(Data excerpt Opens)
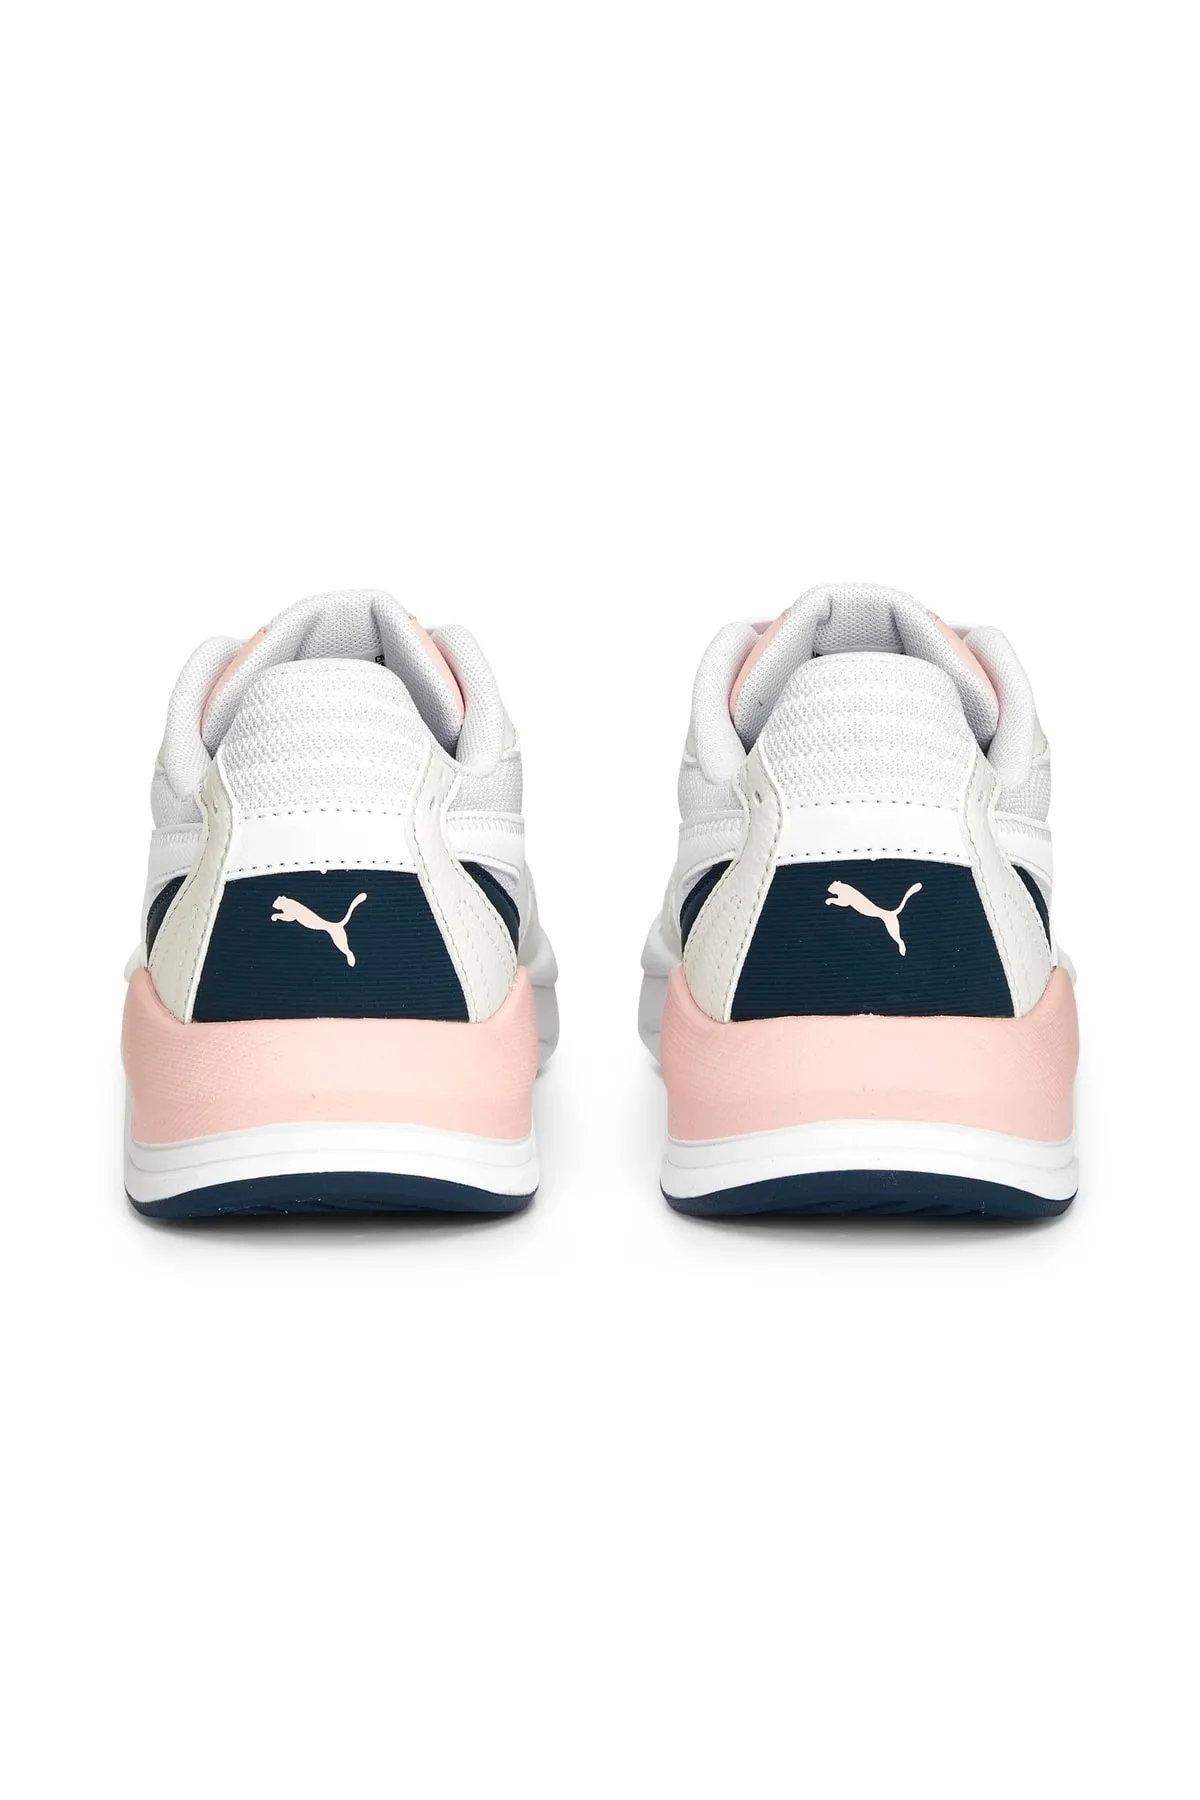 X-Ray Speed Lite - Kadın Sneaker Ayakkabı 384639 -Beyaz
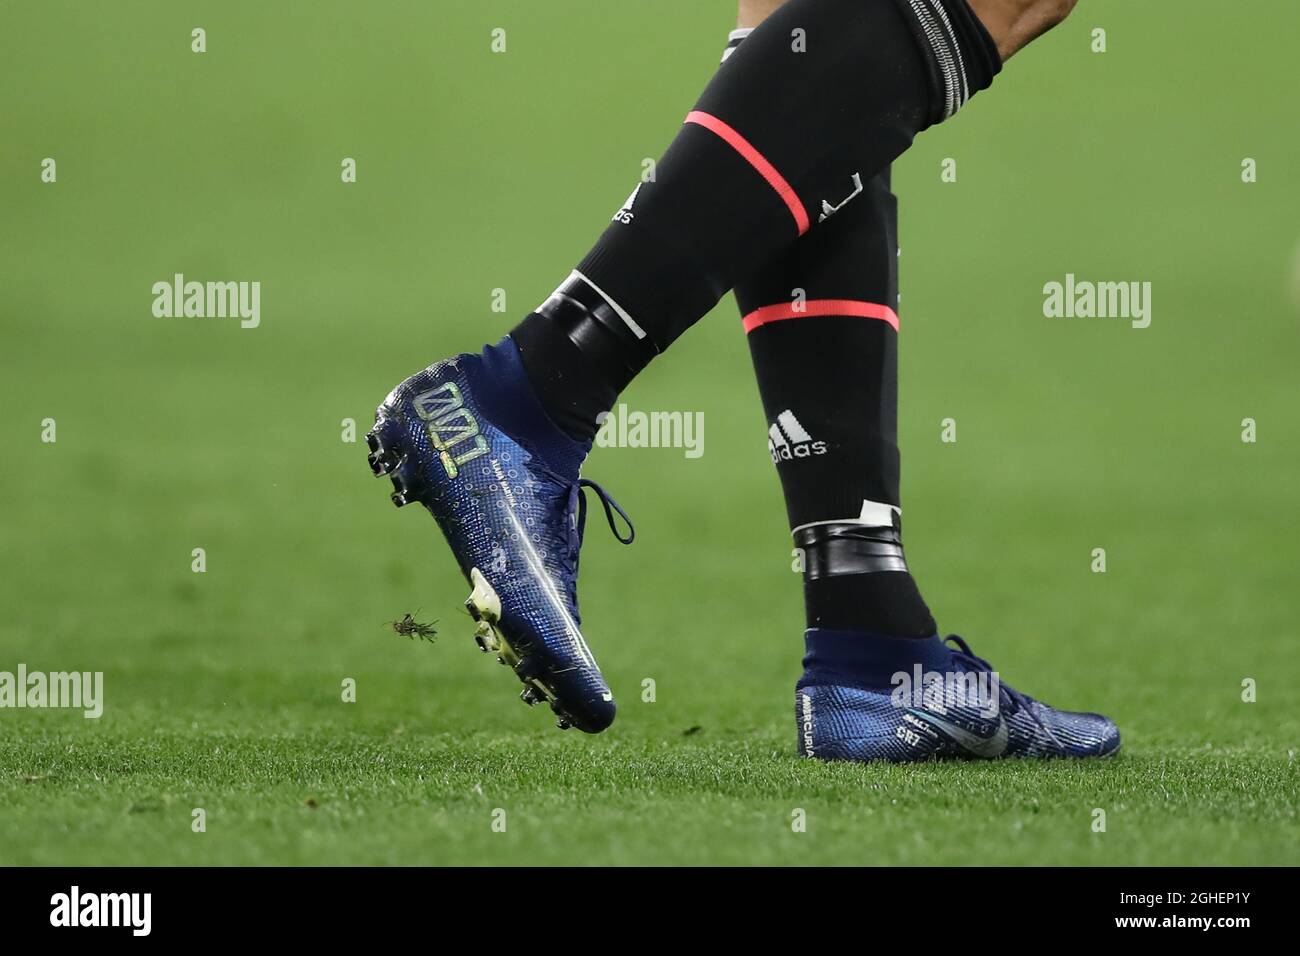 Cristiano Ronaldo de Juventus modela una nueva versión de botas de fútbol Mercurial durante el partido de la UEFA Champions League en el Stadium de Turín. Fecha la
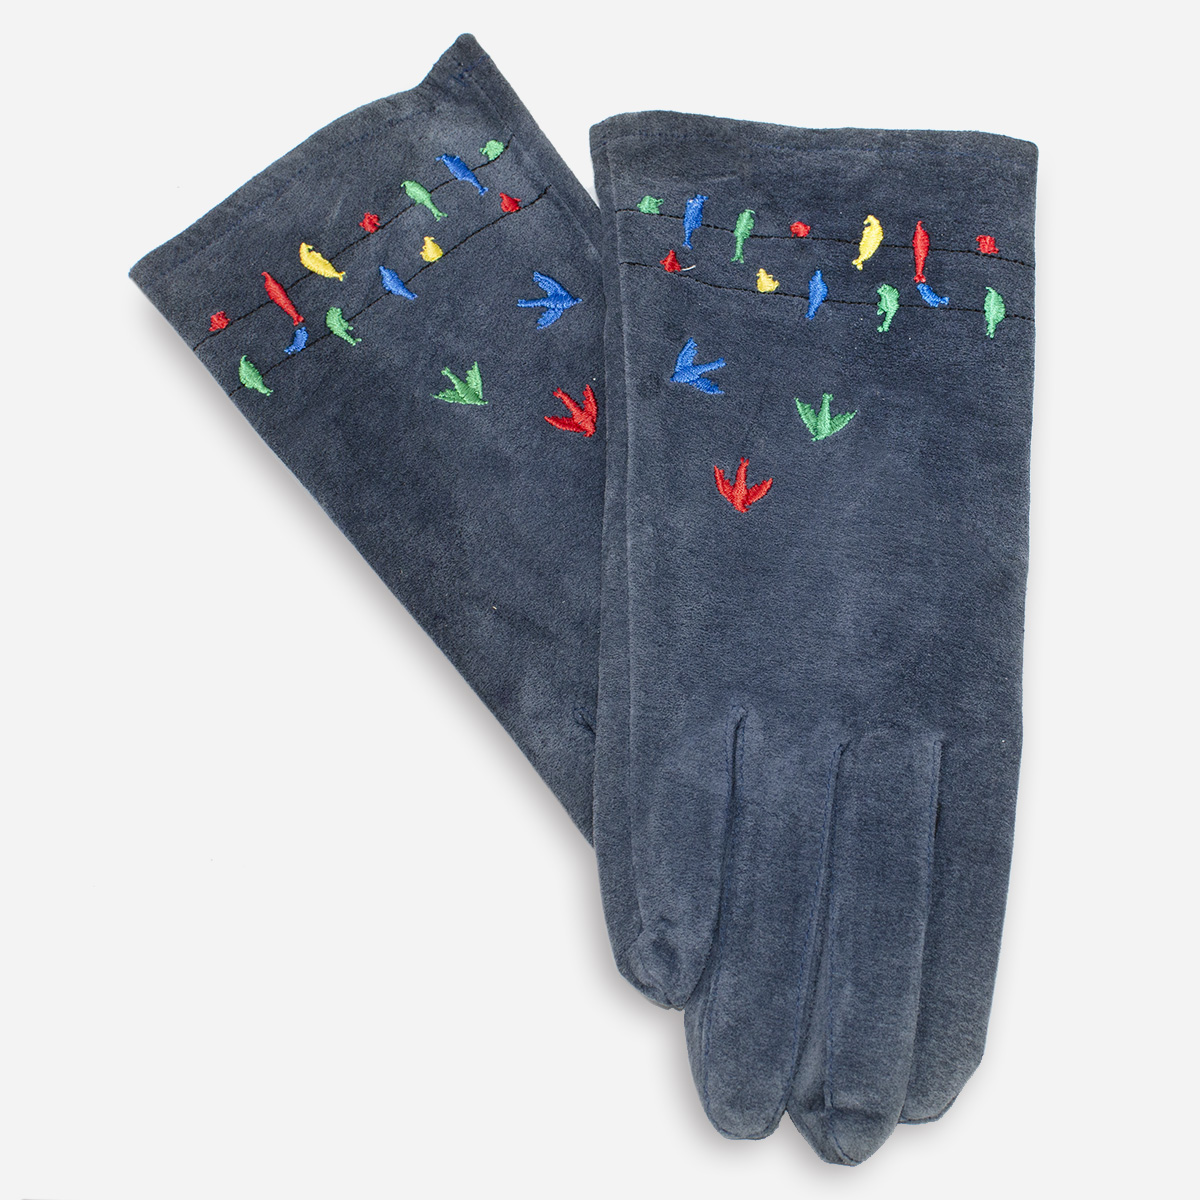 blue suede gloves
(Data excerpt Closes)
**Your task**
The answer should contain only the lines from the one with "Cristiano Ronaldo de" through the last line of the material, given word for word and without pictures.

**Output**
 Cristiano Ronaldo de Juventus modela una nueva versión de botas de fútbol Mercurial durante el partido de la UEFA Champions League en el Stadium de Turín. Fecha la
 blue suede gloves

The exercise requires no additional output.